*WHAT THE EXERCISE ASKS*
Every line below must be reproduced exactly; no pictures are to be included.

PROVIDED MATERIAL: Begin

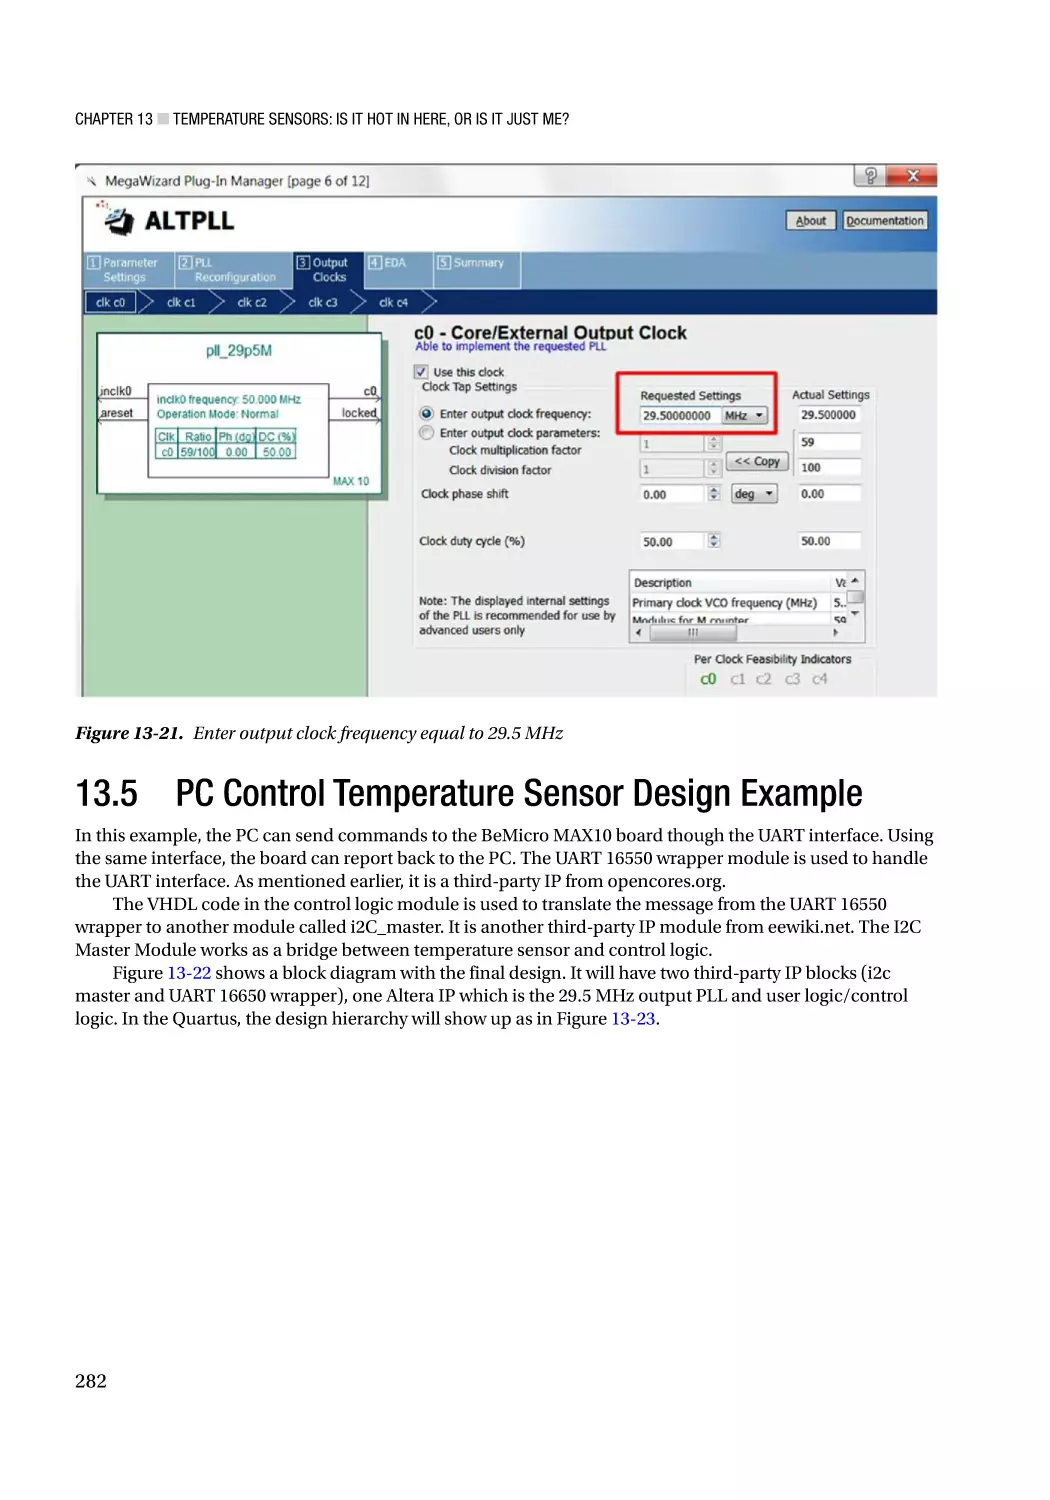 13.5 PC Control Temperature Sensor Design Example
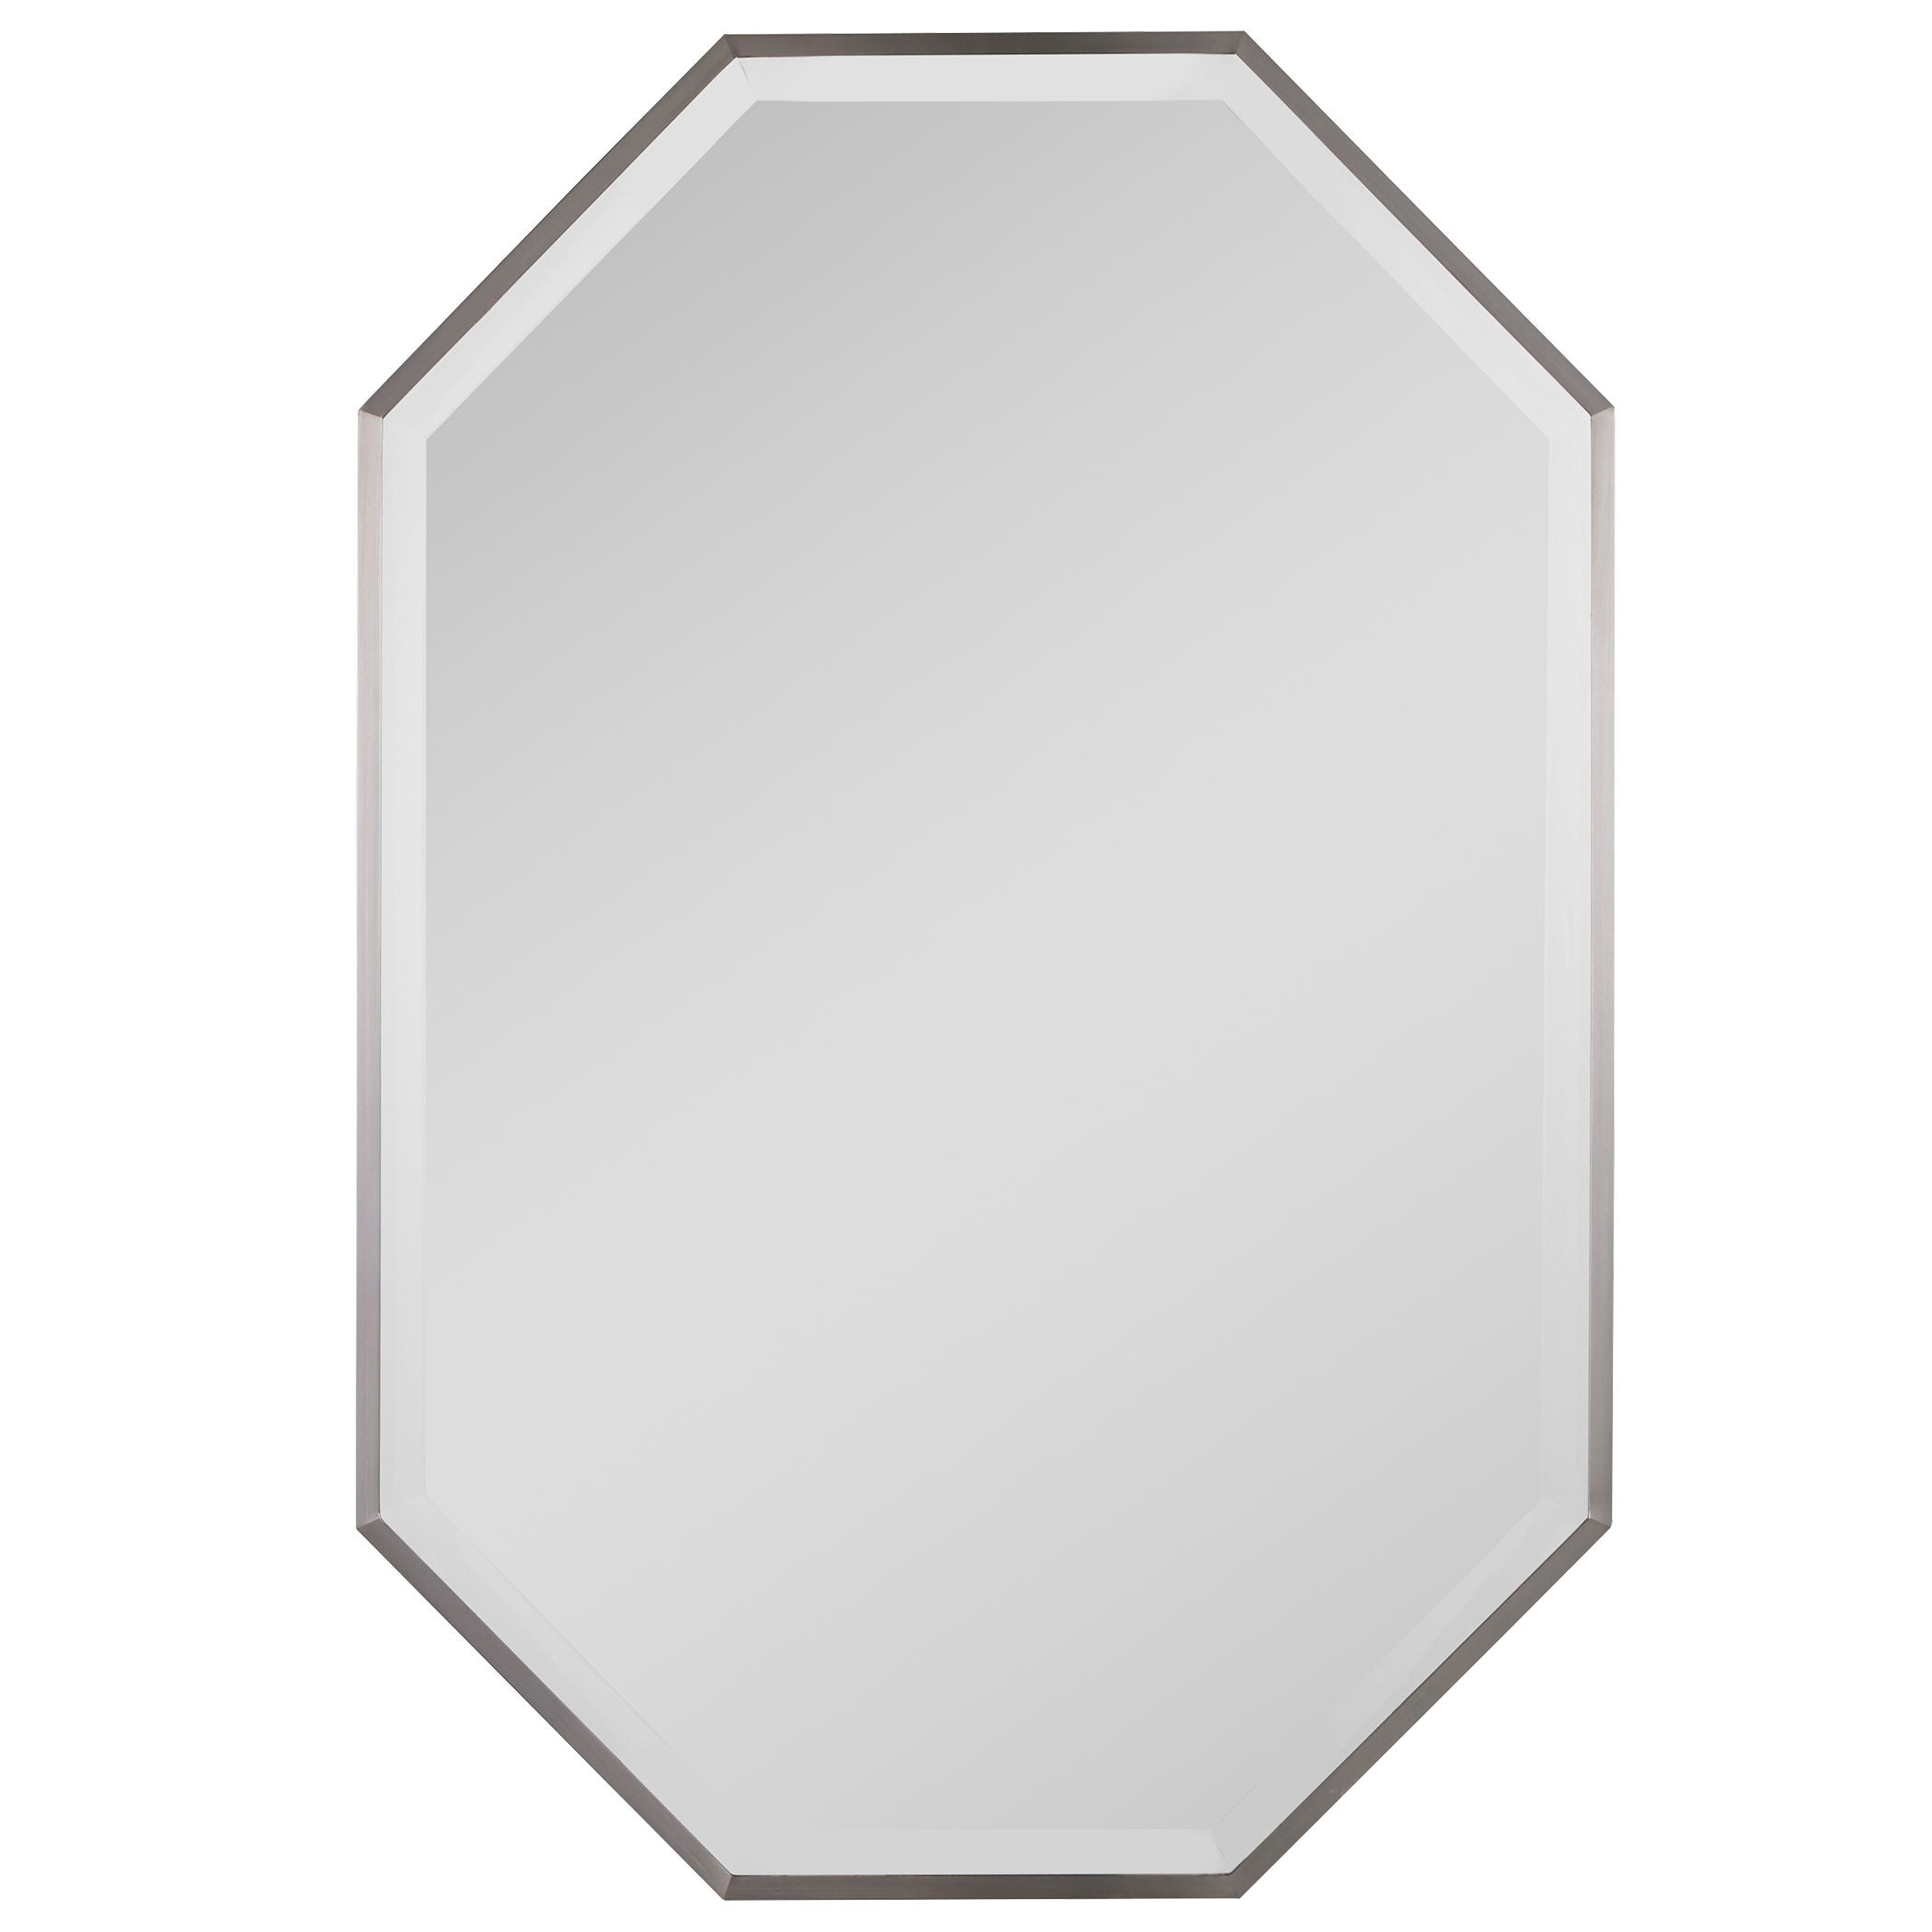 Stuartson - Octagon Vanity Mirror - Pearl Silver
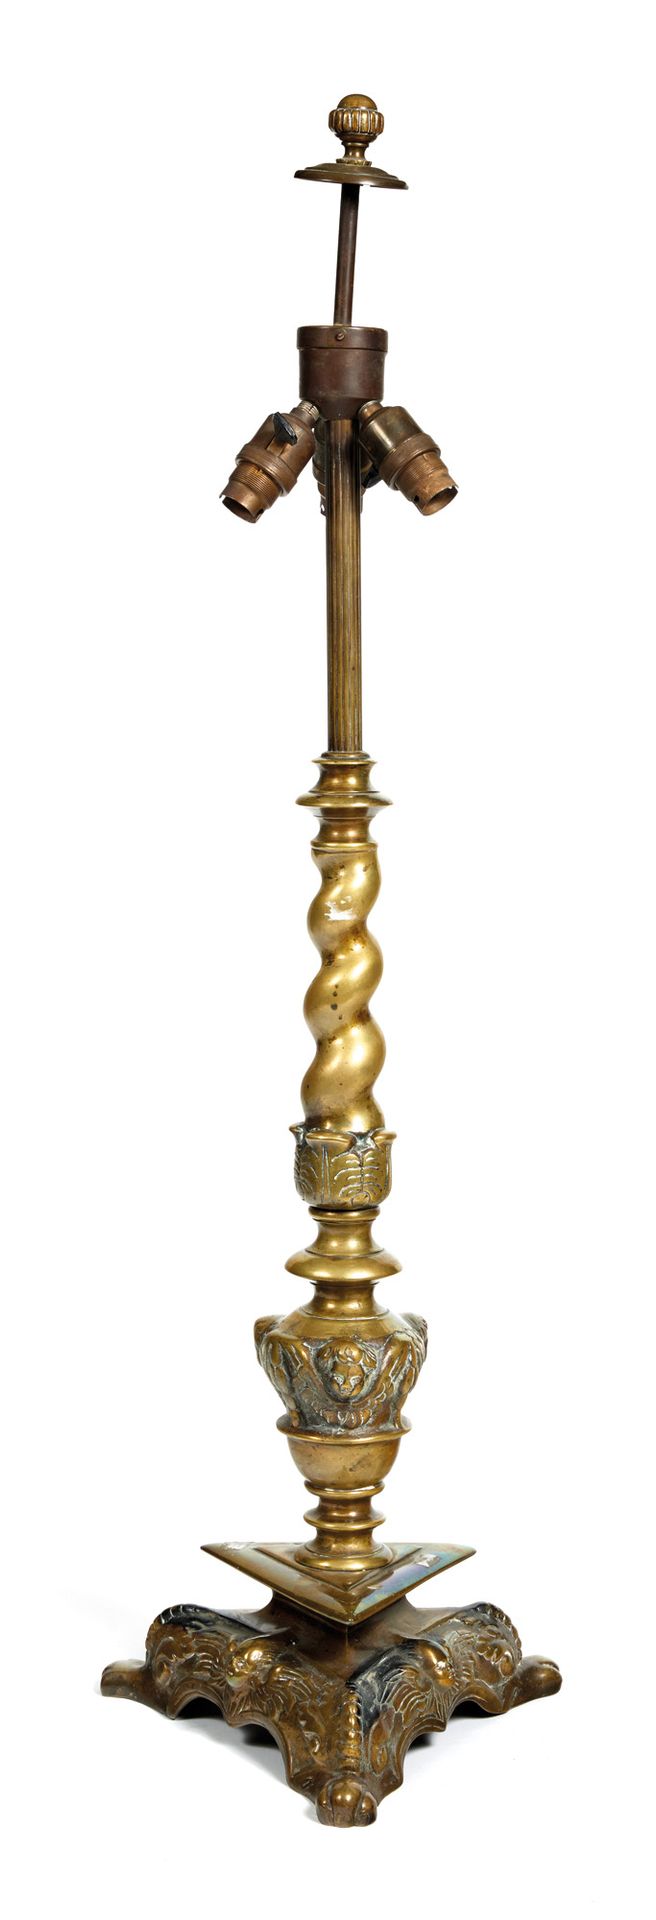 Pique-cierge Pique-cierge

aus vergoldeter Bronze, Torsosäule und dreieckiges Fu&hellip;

PROVIDED MATERIAL: End

*EXERCISE OUTPUT*
 13.5 PC Control Temperature Sensor Design Example
 Stuartson - Octagon Vanity Mirror - Pearl Silver
 Pique-cierge Pique-cierge

aus vergoldeter Bronze, Torsosäule und dreieckiges Fu&hellip;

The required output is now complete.